All of these factors created the right environment for internet and software companies to seek their fortunes in the local stock exchange. In 2020, there are at least seven startups that have gone public  or have filed for an IPO, more than three times higher than the previous 10 years:

  • Mosaico
  • LocaWeb
  • Boa Vista
  • Enjoei.com.br
  • Meliuz
  • Wine
  • Housi

Ranging from credit score platforms to online wine sales, not only are their debuts unprecedented, it is the first time that cash-burning companies with net profit losses are filing for IPO, and some of them have yearly revenues of only $10-$20 million.

A short-term boom with long-term consequences

There are obviously headwinds to the heated local capital market.

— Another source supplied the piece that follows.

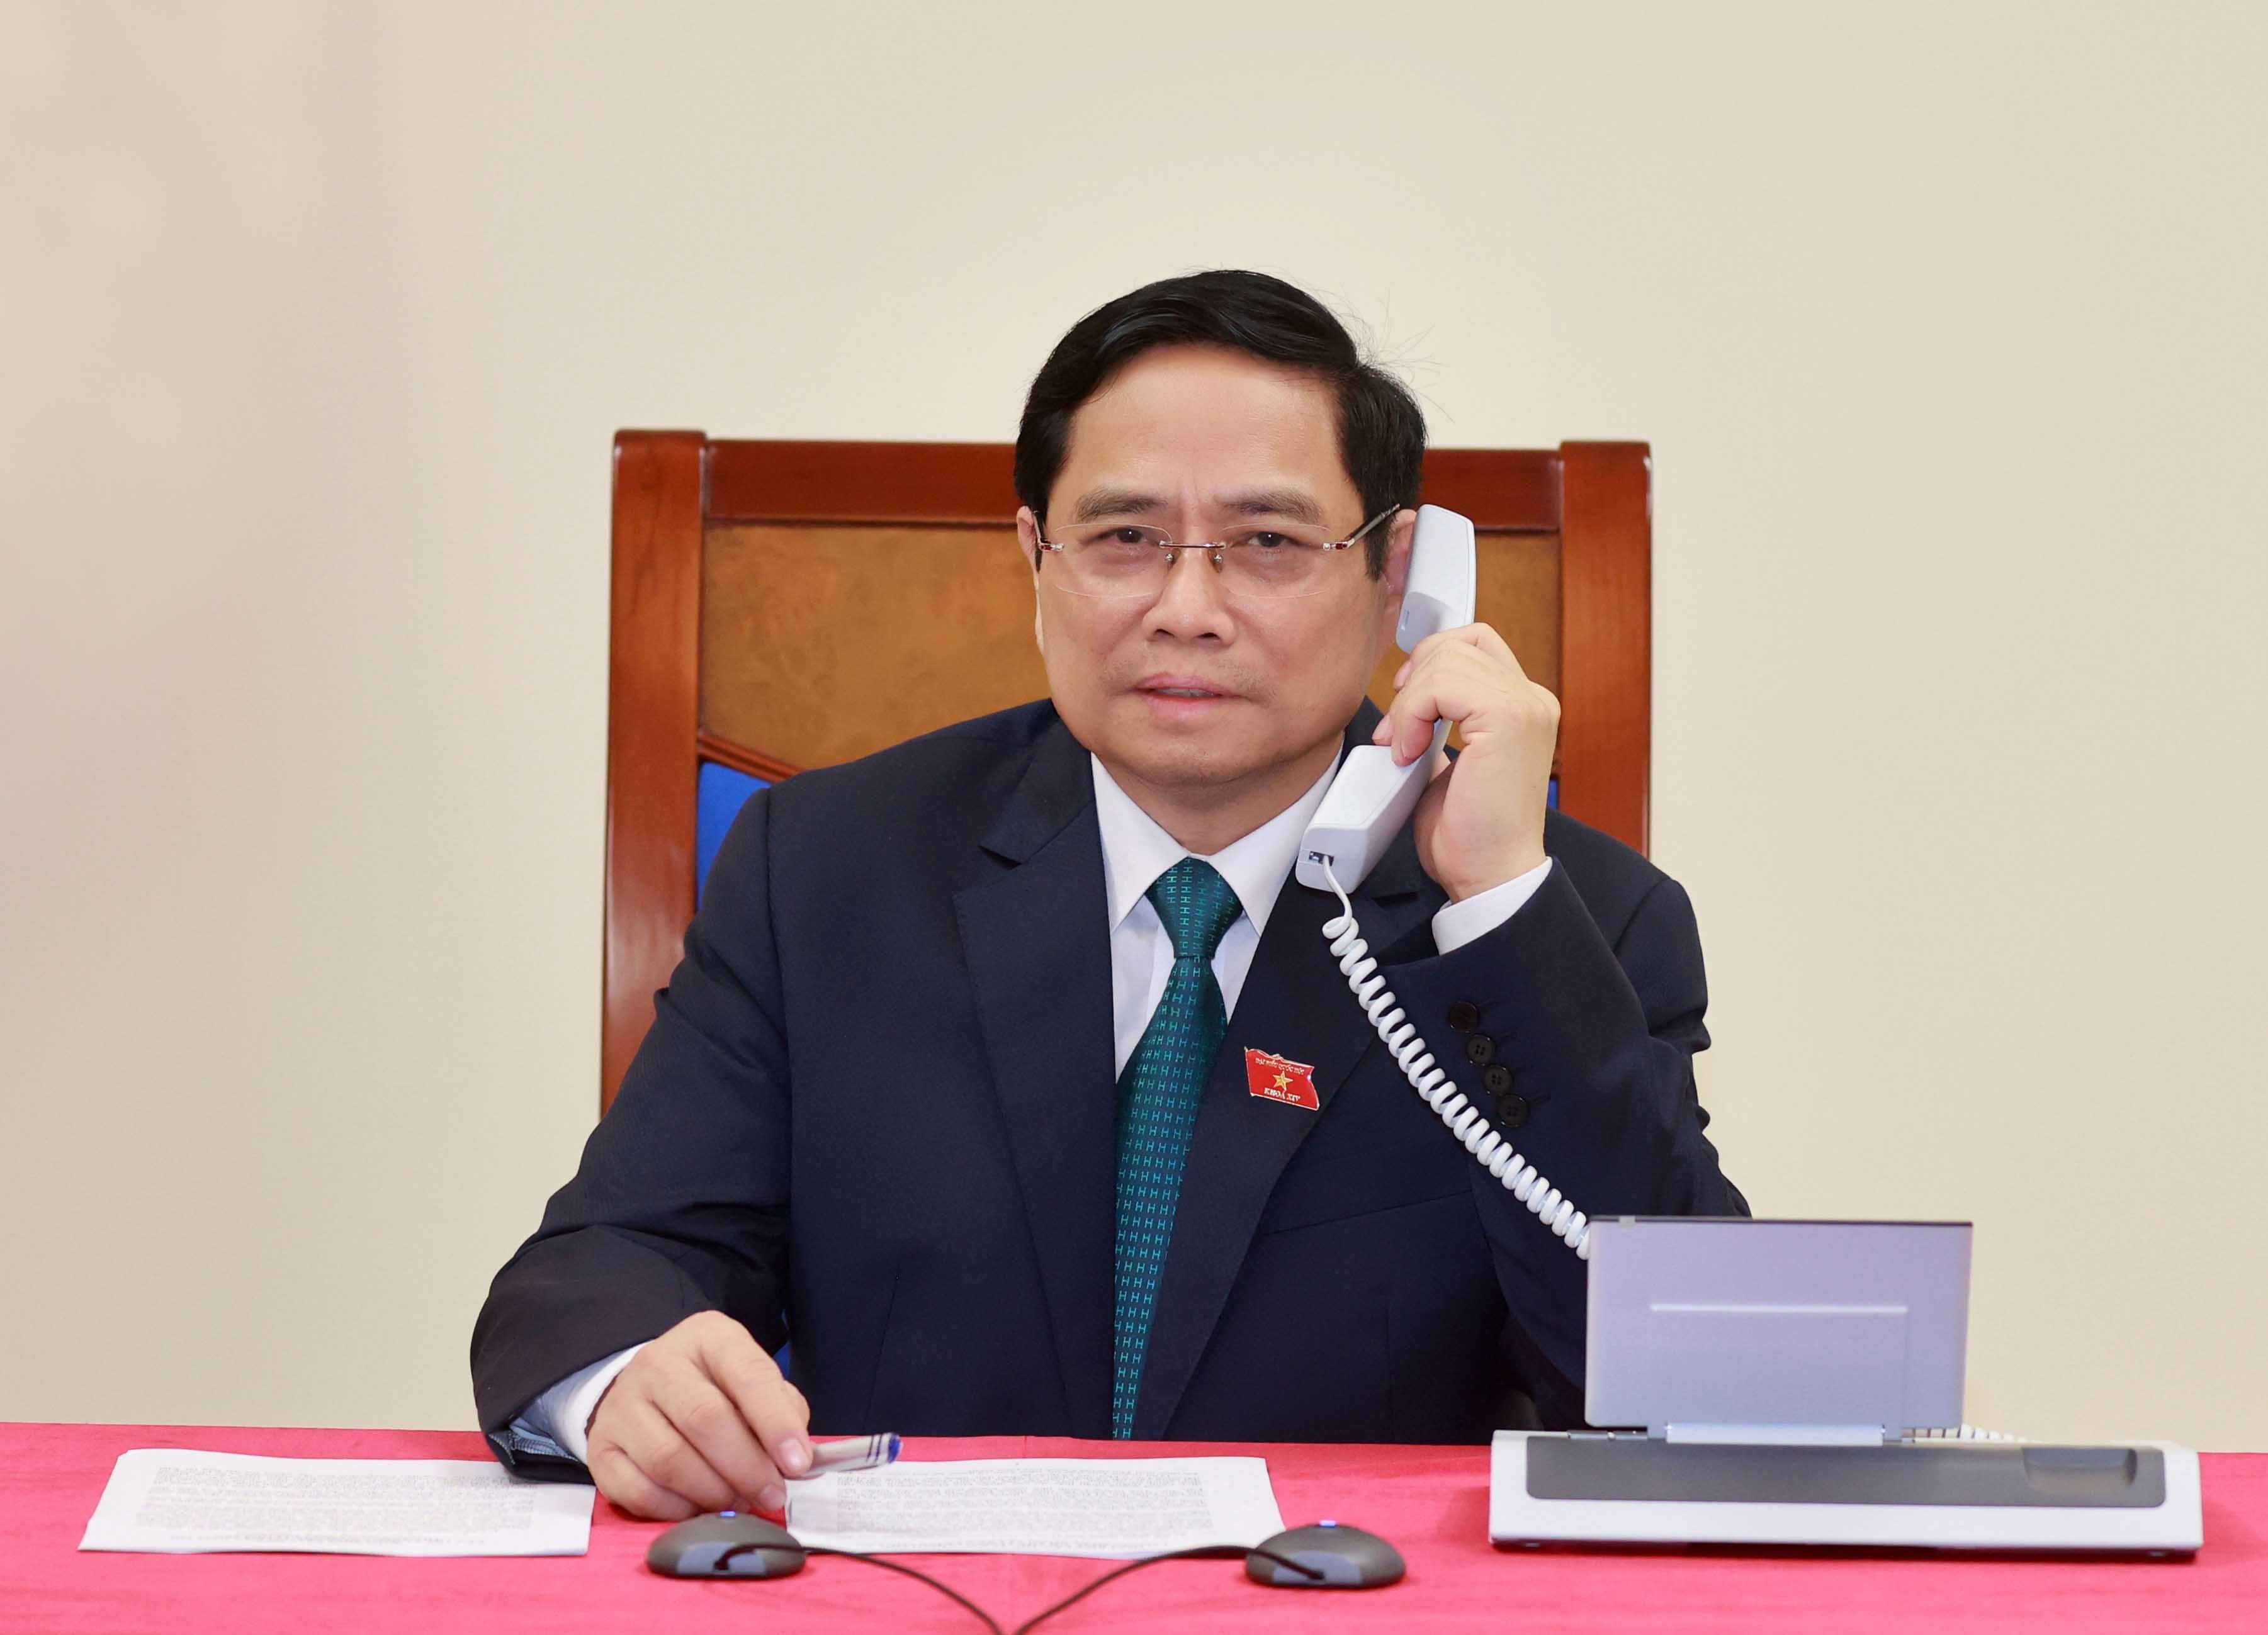 Cuộc điện đàm đầu tiên của tân Thủ tướng Phạm Minh Chính

The most significant one is a 12% GDP deficit given aggressive coronavirus stimulus packages. The debt/GDP ratio could surpass 100%, and in a scenario where rates have to be raised to fight inflation, the debt burden will be quite high. There is an urgent need to pass structural fiscal reforms in order to avoid breaking a constitutionally imposed fiscal ceiling by 2021, but given the municipal elections in Q4 2020, disagreements among members of the ruling coalition and an upcoming presidential election in 2022, there is a chance no significant fiscal reform will be made in the near future, which could be disastrous.

Thus, the capital market boom might be temporary, but the emergence of a new economy in Brazil supported by new local investors and new players is a trend that has been building up for some time. This transition was already prone to happen sooner or later, and the current environment just fast-forwarded the development of the local stock market and opened up space for domestic growth companies.

On the other hand, as this trend was artificially pushed forward, it is necessary to assess if the journey going forward will be consistent or choppy. Are the new retail investors here to stay, or are they just testing a new opportunity in the market? How would they behave in a shock? In a scenario of higher rates, would capital aggressively change back to fixed income? Will the international investor be attracted to the new IPOs, which are a bargain in local currency? How significant and soon will a fiscal reform be passed? These are just a few questions that should be in the investors’ mind when assessing opportunities in the country going forward.